*Try it*: Would you output all the lines below precisely as they stand, leaving each picture out?

Information shown Start Marker

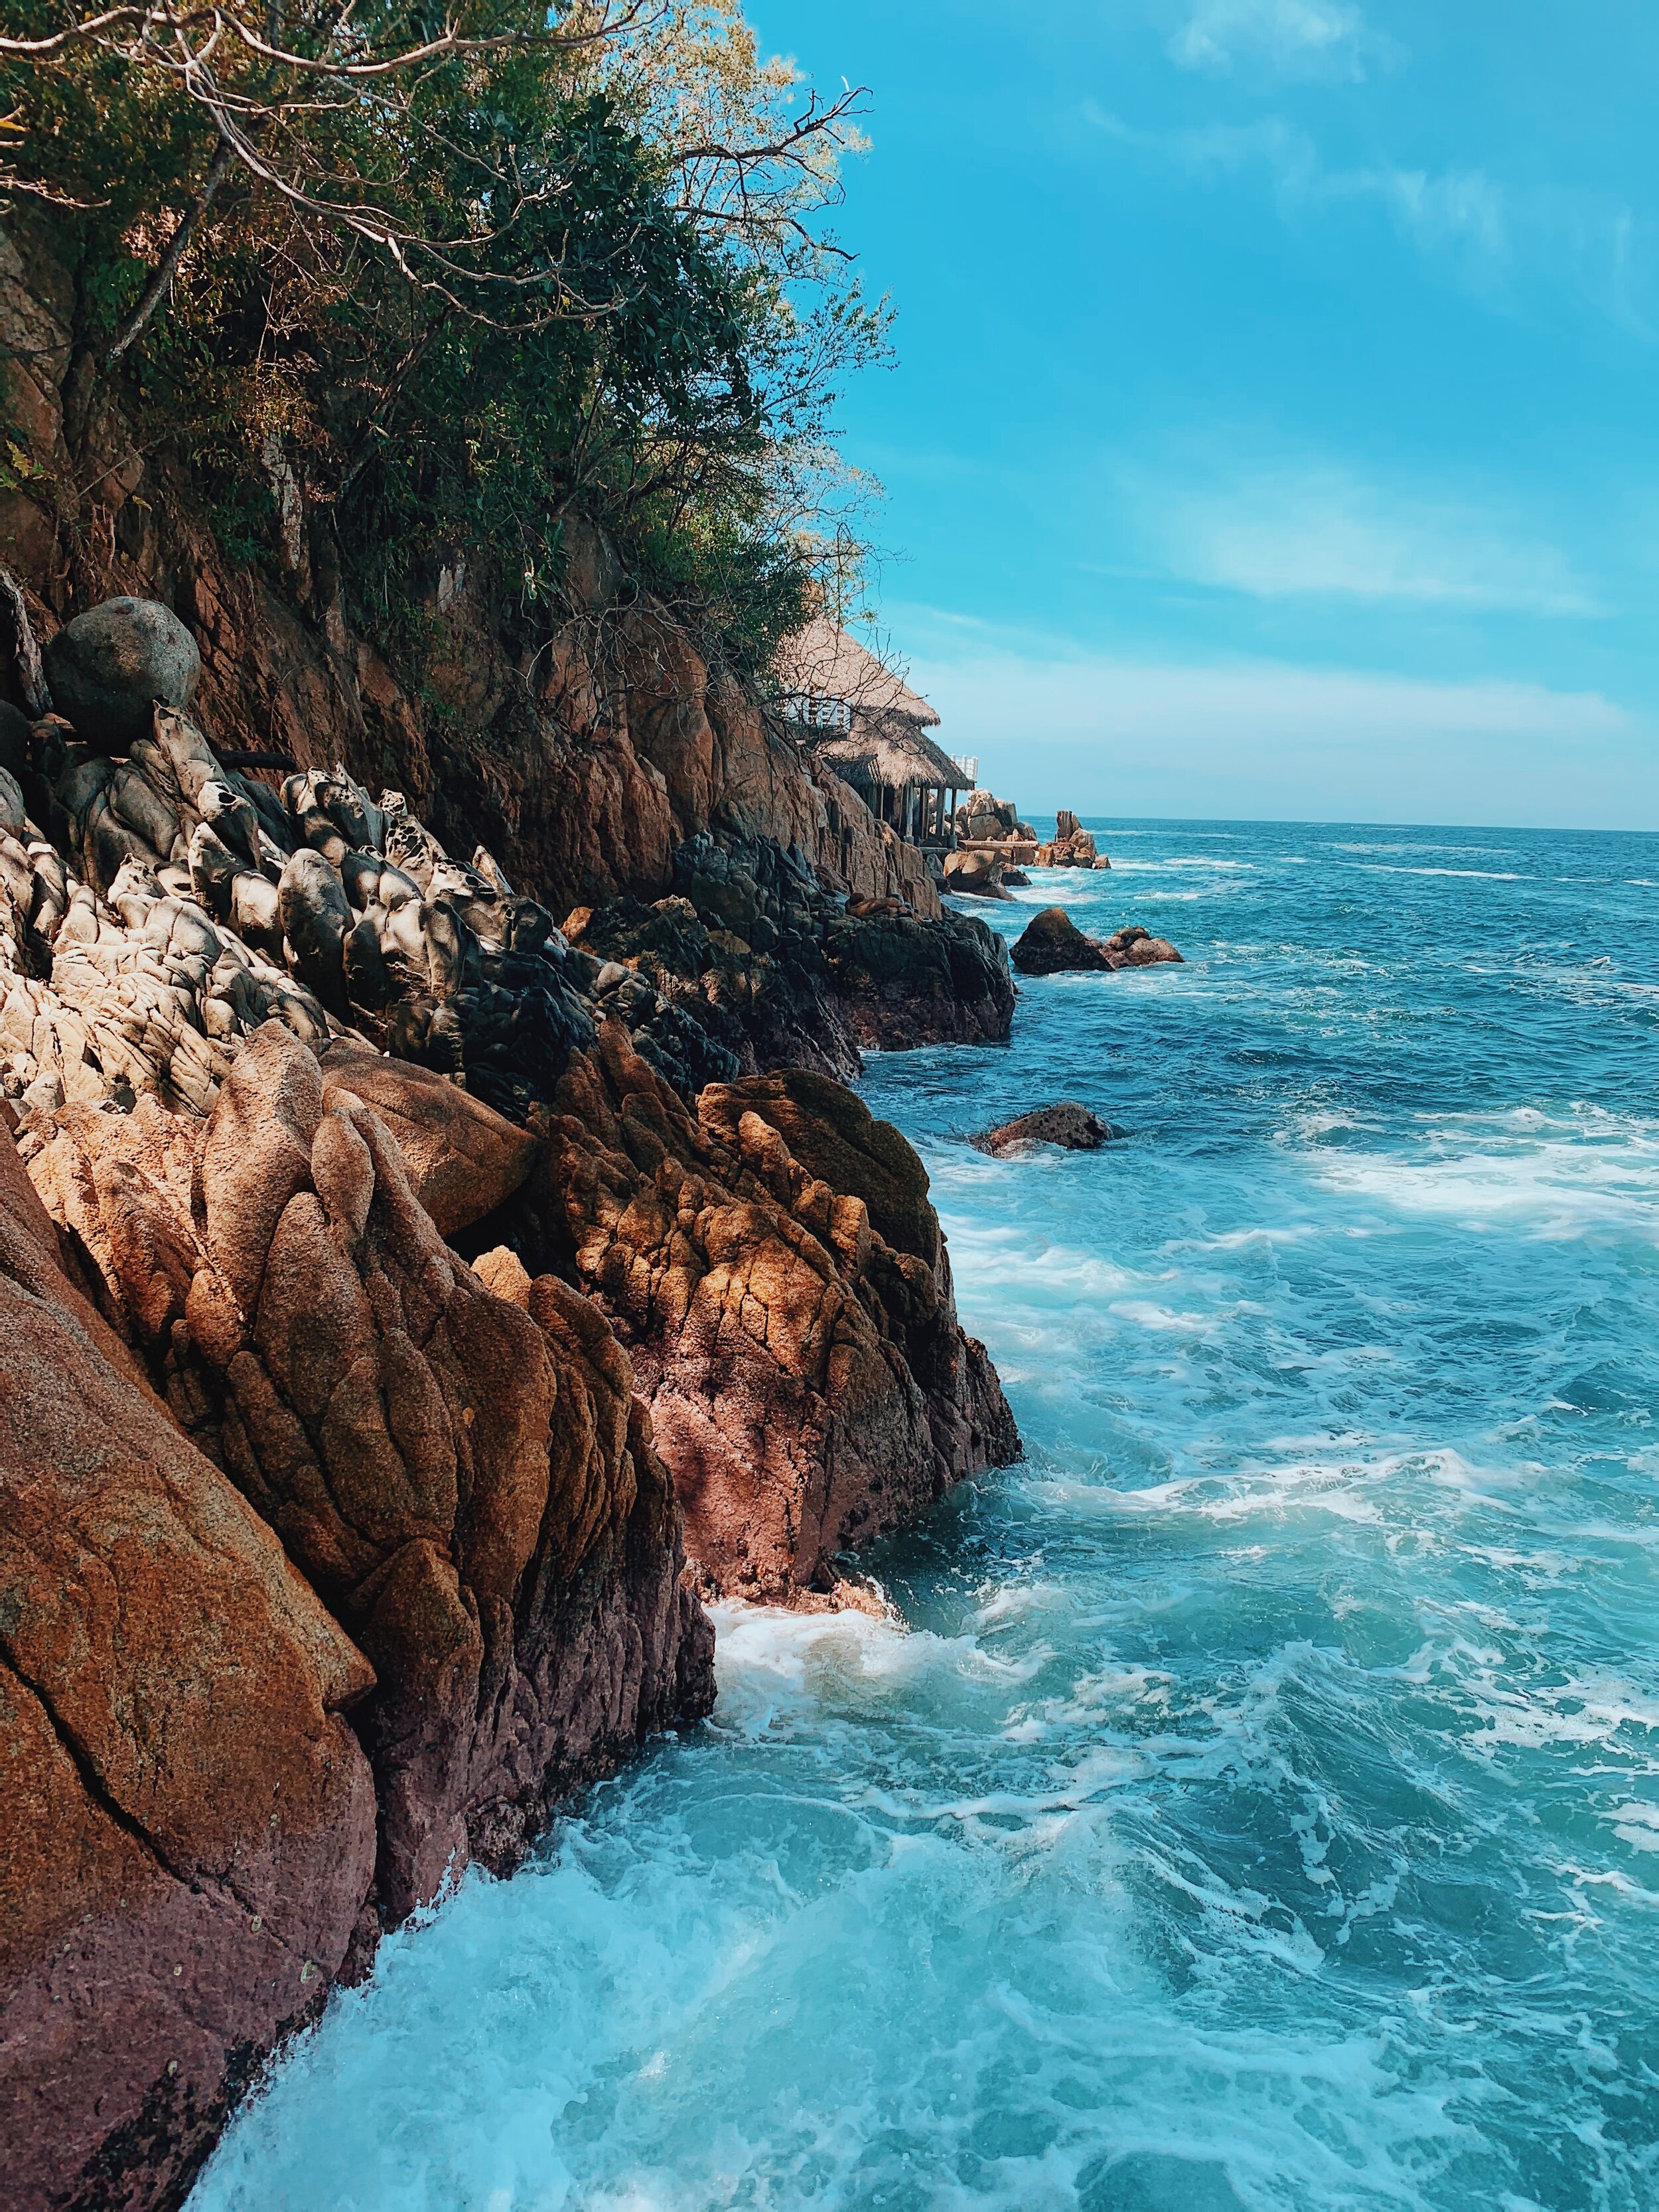 The coastline of Boca de Tomatlan along the trail to Colomitos Cove.JPG
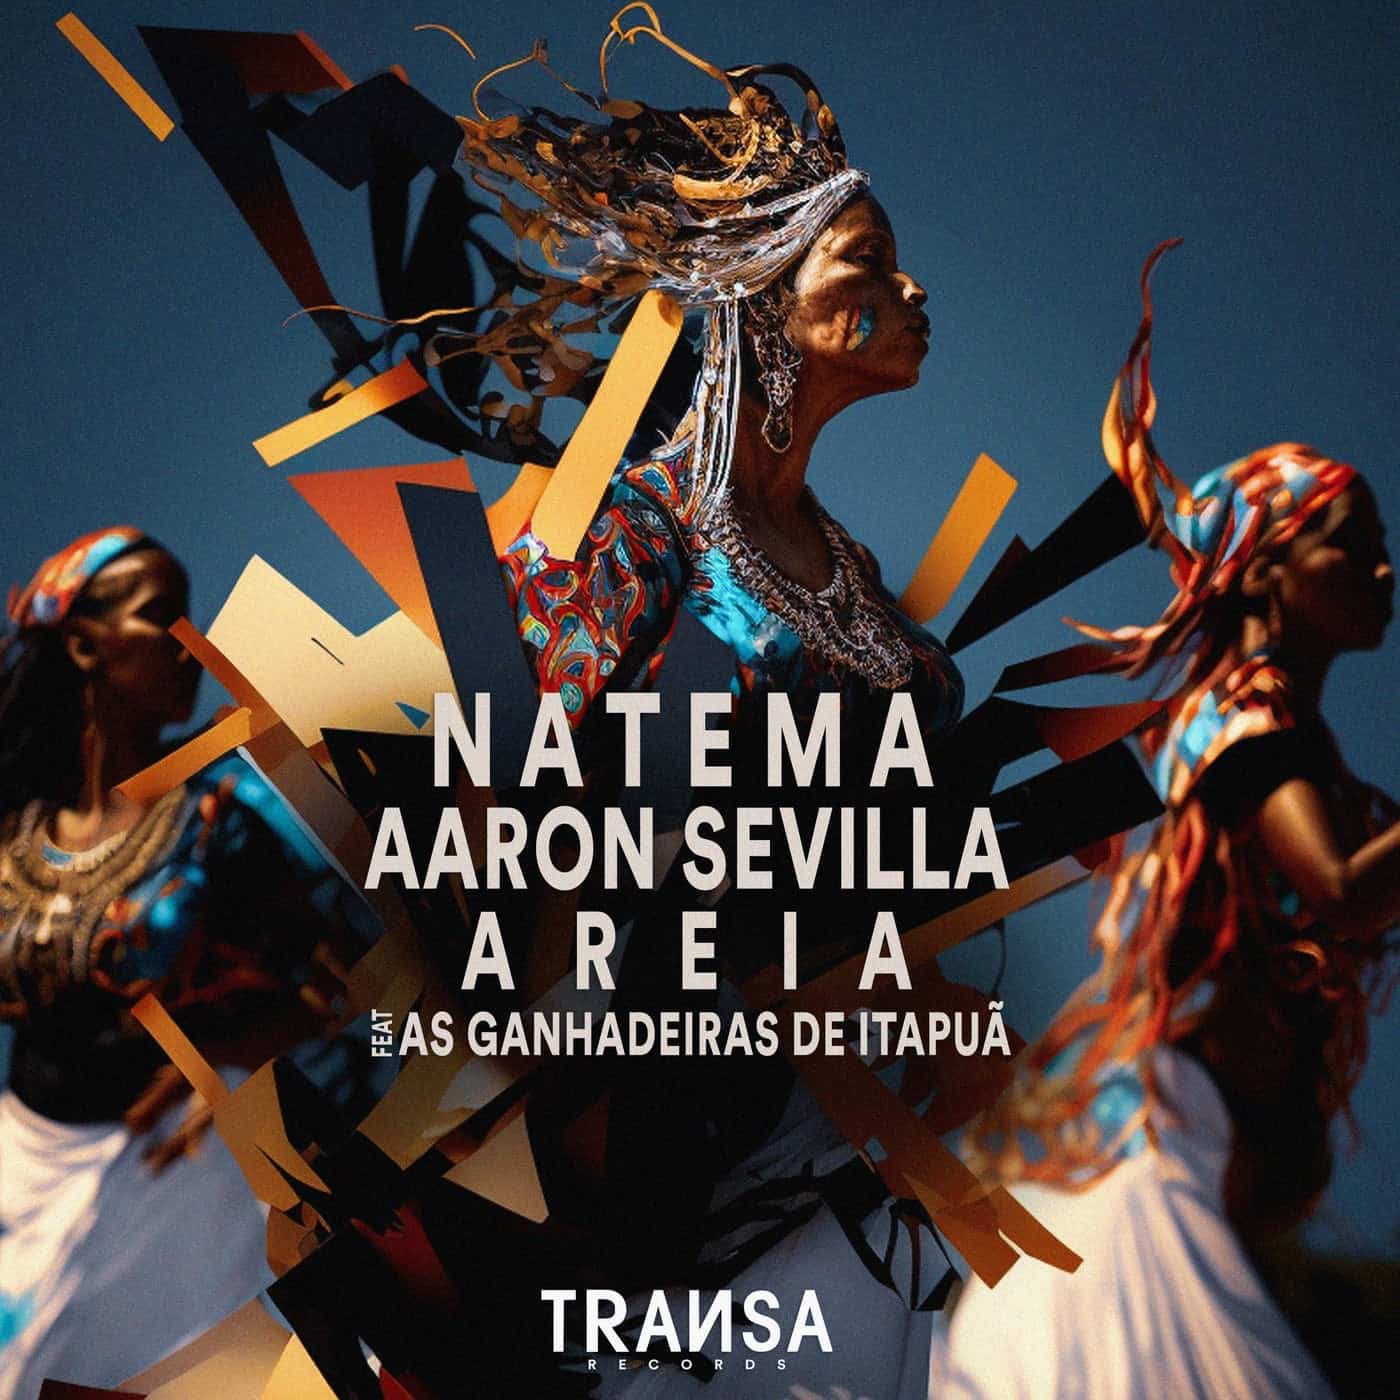 Download Natema, Aaron Sevilla, As Ganhadeiras de Itapuã - Areia feat As Ganhadeiras de Itapuã on Electrobuzz
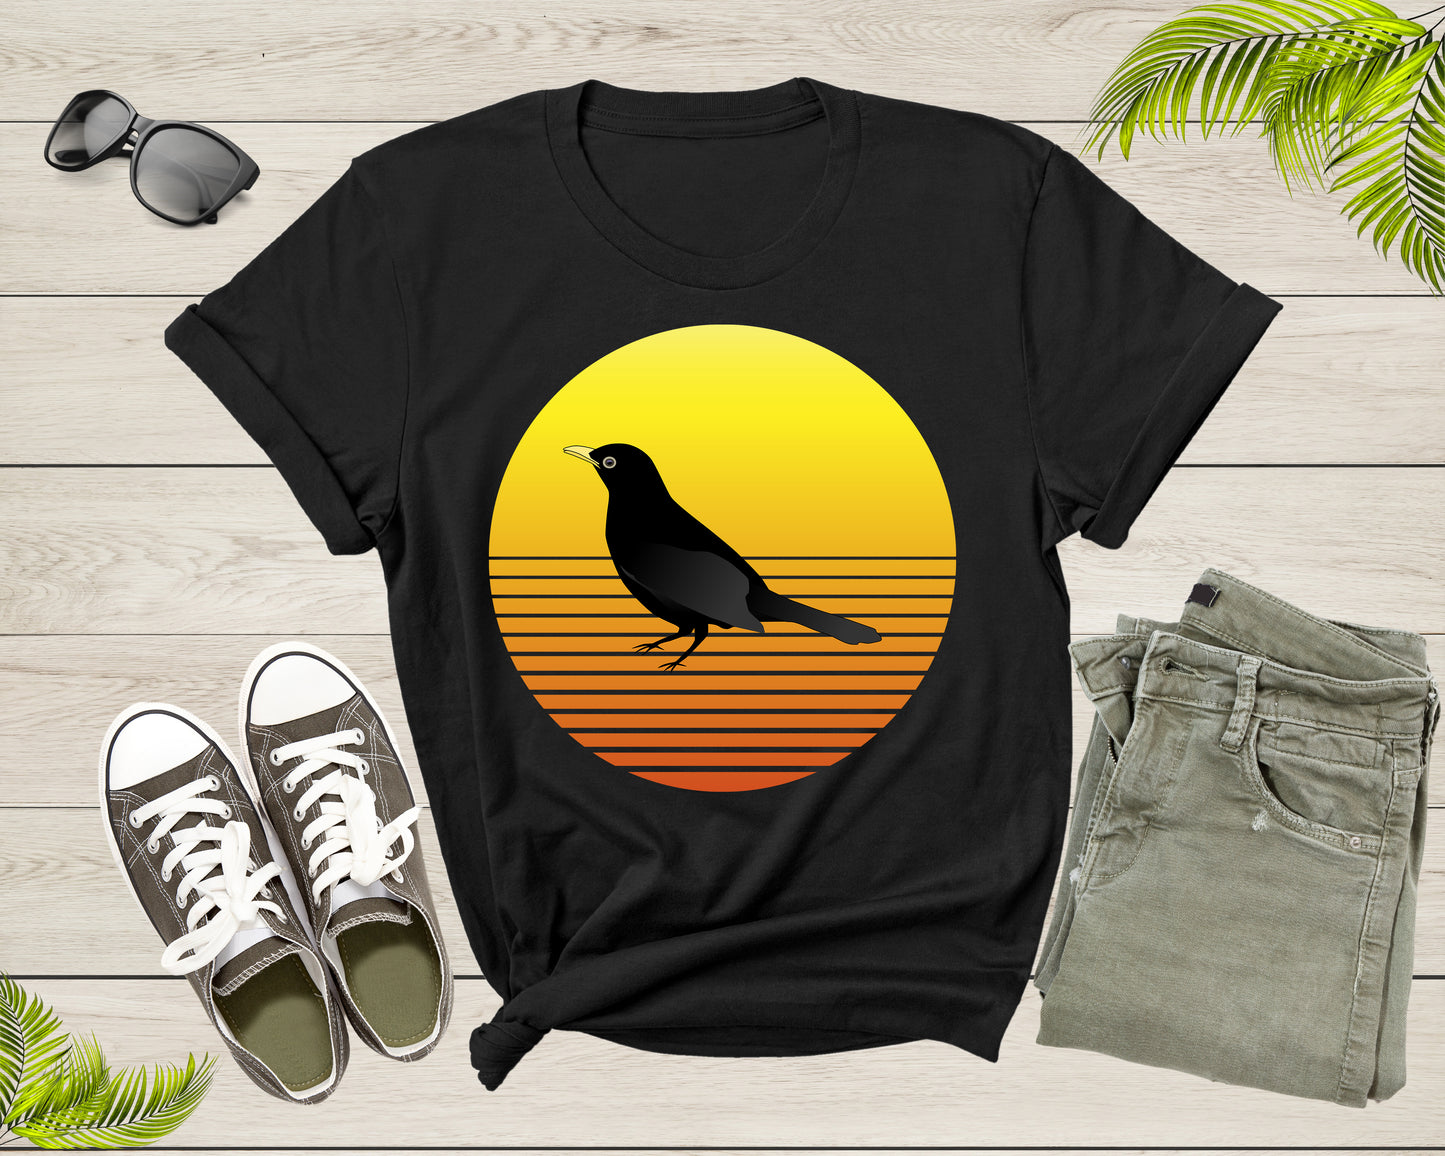 Black Crow Bird Silhouette At Sunset Wildlife Nature Animal T-shirt Crow Lover Gift Shirt For Men Women Kids Crow Themed Graphic Tshirt

Information shown End Marker

*Finished task*:
 The coastline of Boca de Tomatlan along the trail to Colomitos Cove.JPG
 Download Natema, Aaron Sevilla, As Ganhadeiras de Itapuã - Areia feat As Ganhadeiras de Itapuã on Electrobuzz
 Black Crow Bird Silhouette At Sunset Wildlife Nature Animal T-shirt Crow Lover Gift Shirt For Men Women Kids Crow Themed Graphic Tshirt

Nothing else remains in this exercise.